**RAW DATA**
┌──

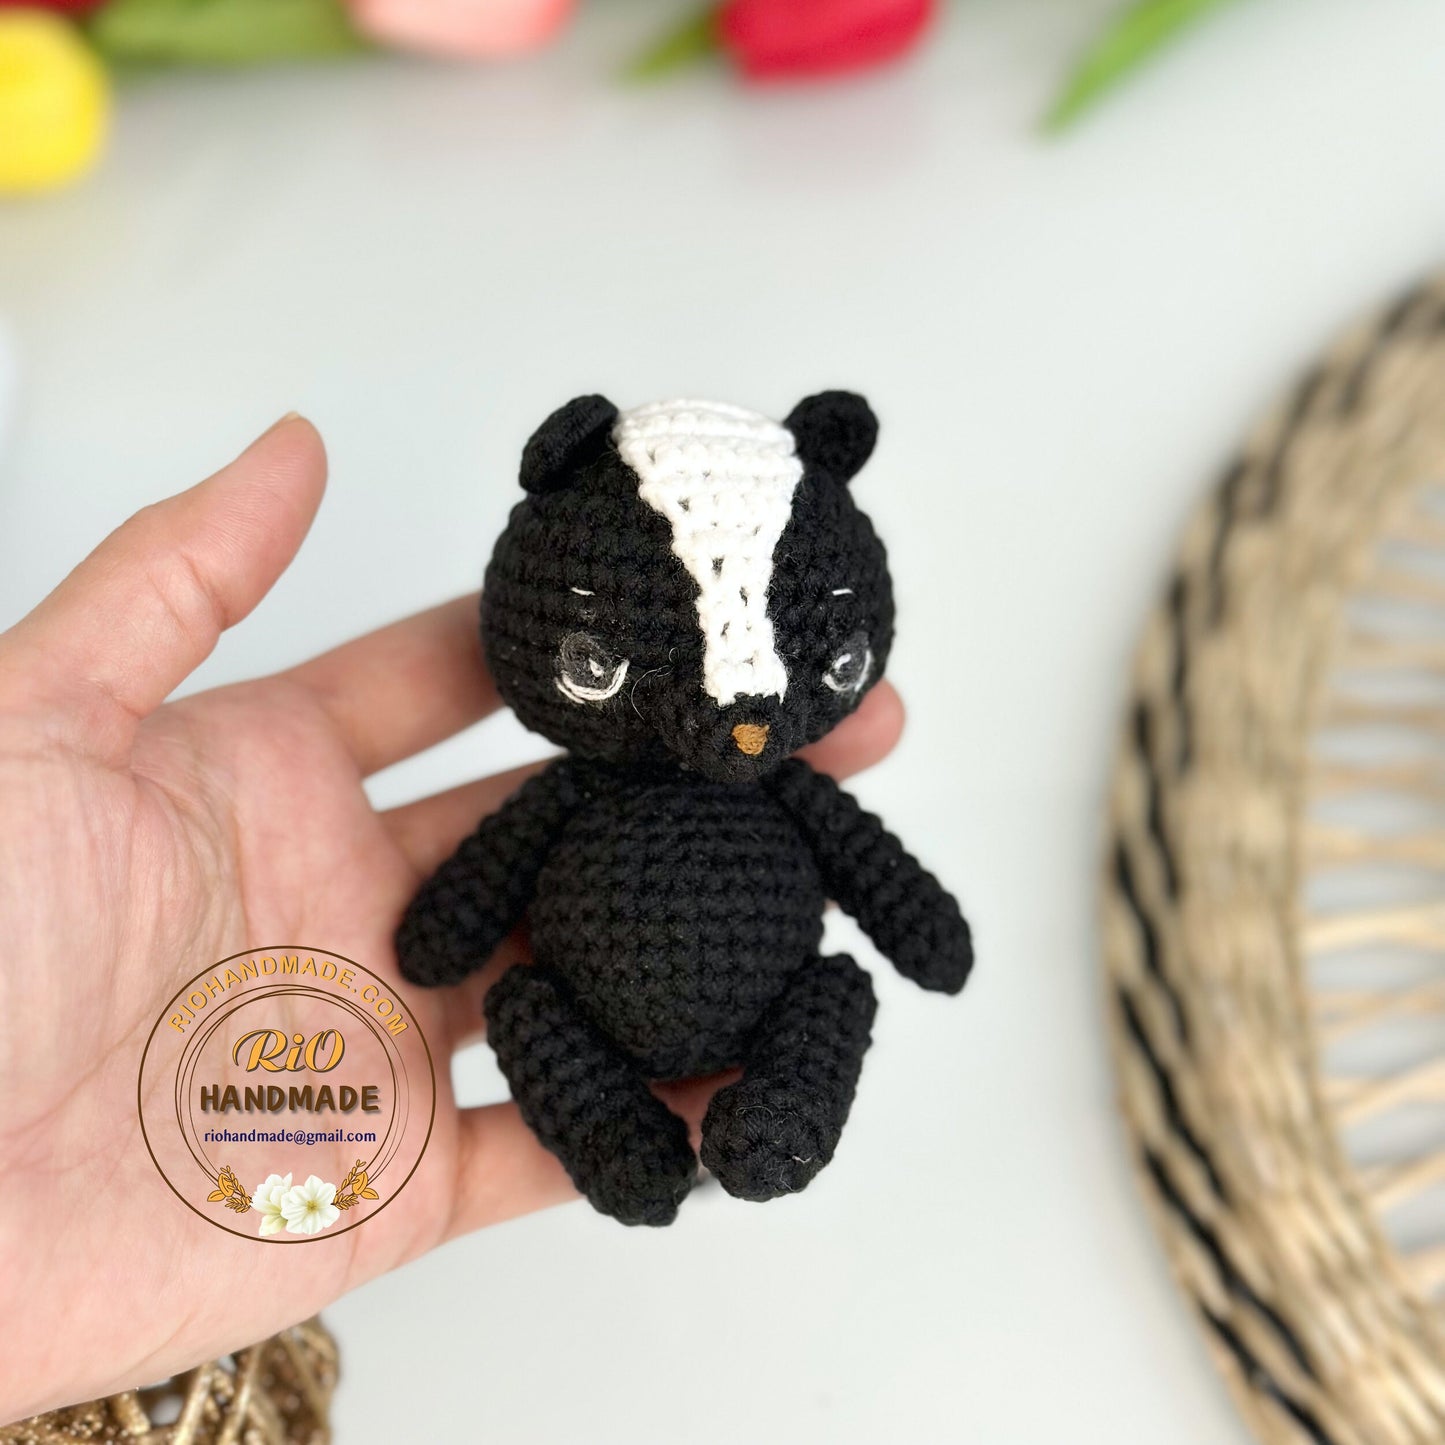 Handmade Woodland Baby Toy, Crochet Forest Animals, Amigurumi Fox, Bear, Bunny, Owl, Raccoon, Soft Toy For Baby, Kid, Adult Hobby
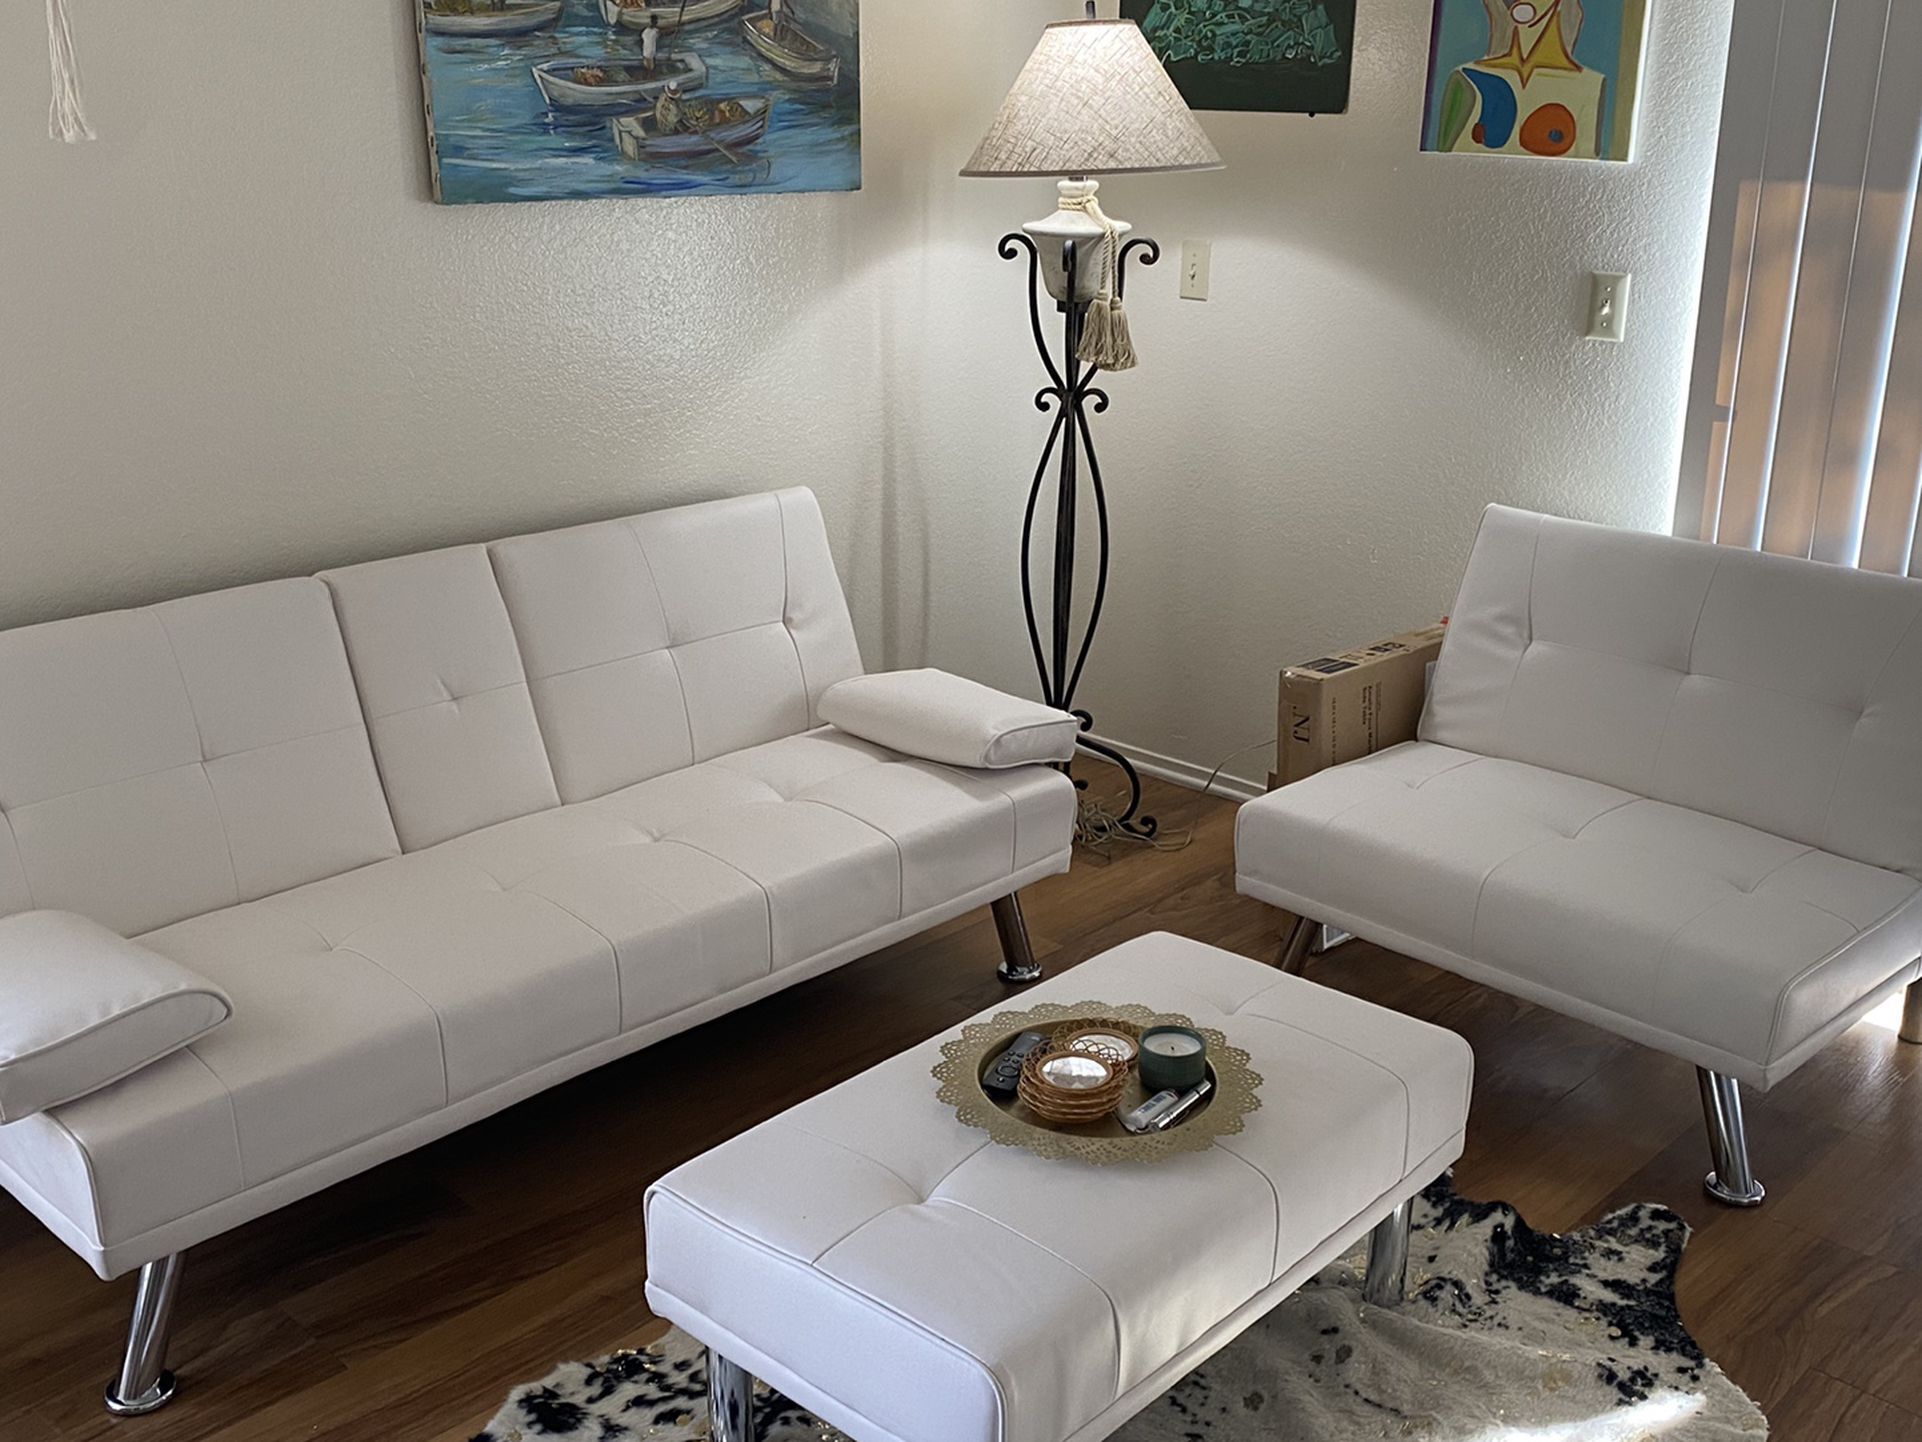 NEW White Futon Sofa- Adjustable Set Up!
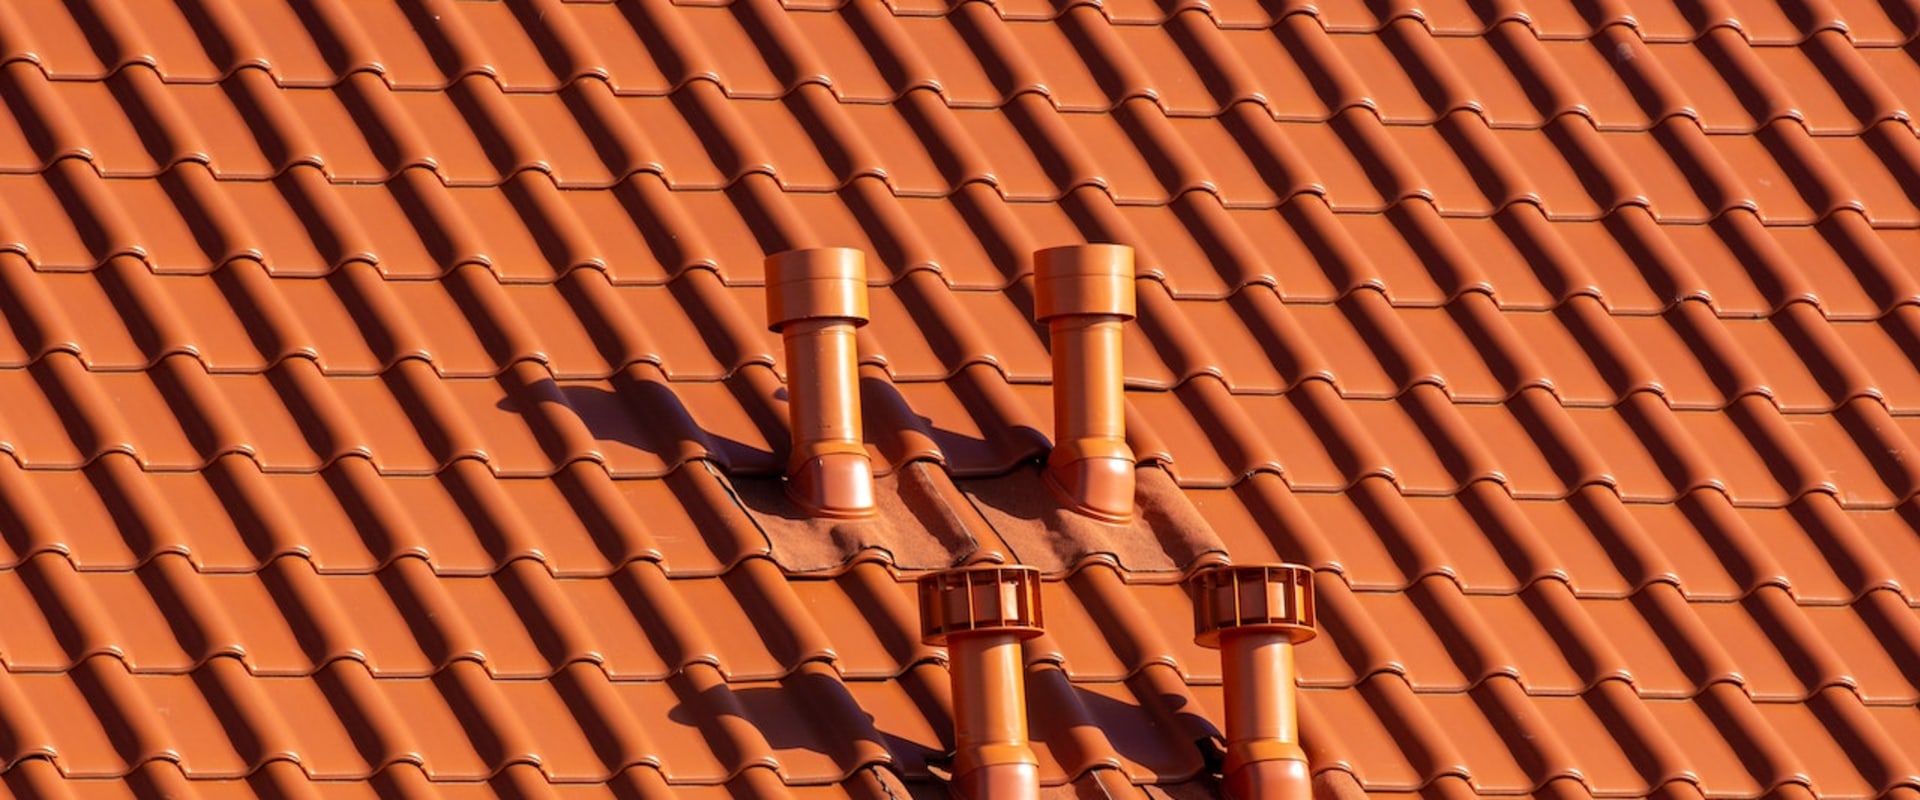 Roof Repairs In Leicester: How Civil Engineering Principles Ensure Long-Lasting Solutions

└──

**TASK PROMPT**
The listing above, line by line: print it exactly, but not its pictures.

**EXPECTED ANSWER**
 Handmade Woodland Baby Toy, Crochet Forest Animals, Amigurumi Fox, Bear, Bunny, Owl, Raccoon, Soft Toy For Baby, Kid, Adult Hobby
 NEW White Futon Sofa- Adjustable Set Up!
 Roof Repairs In Leicester: How Civil Engineering Principles Ensure Long-Lasting Solutions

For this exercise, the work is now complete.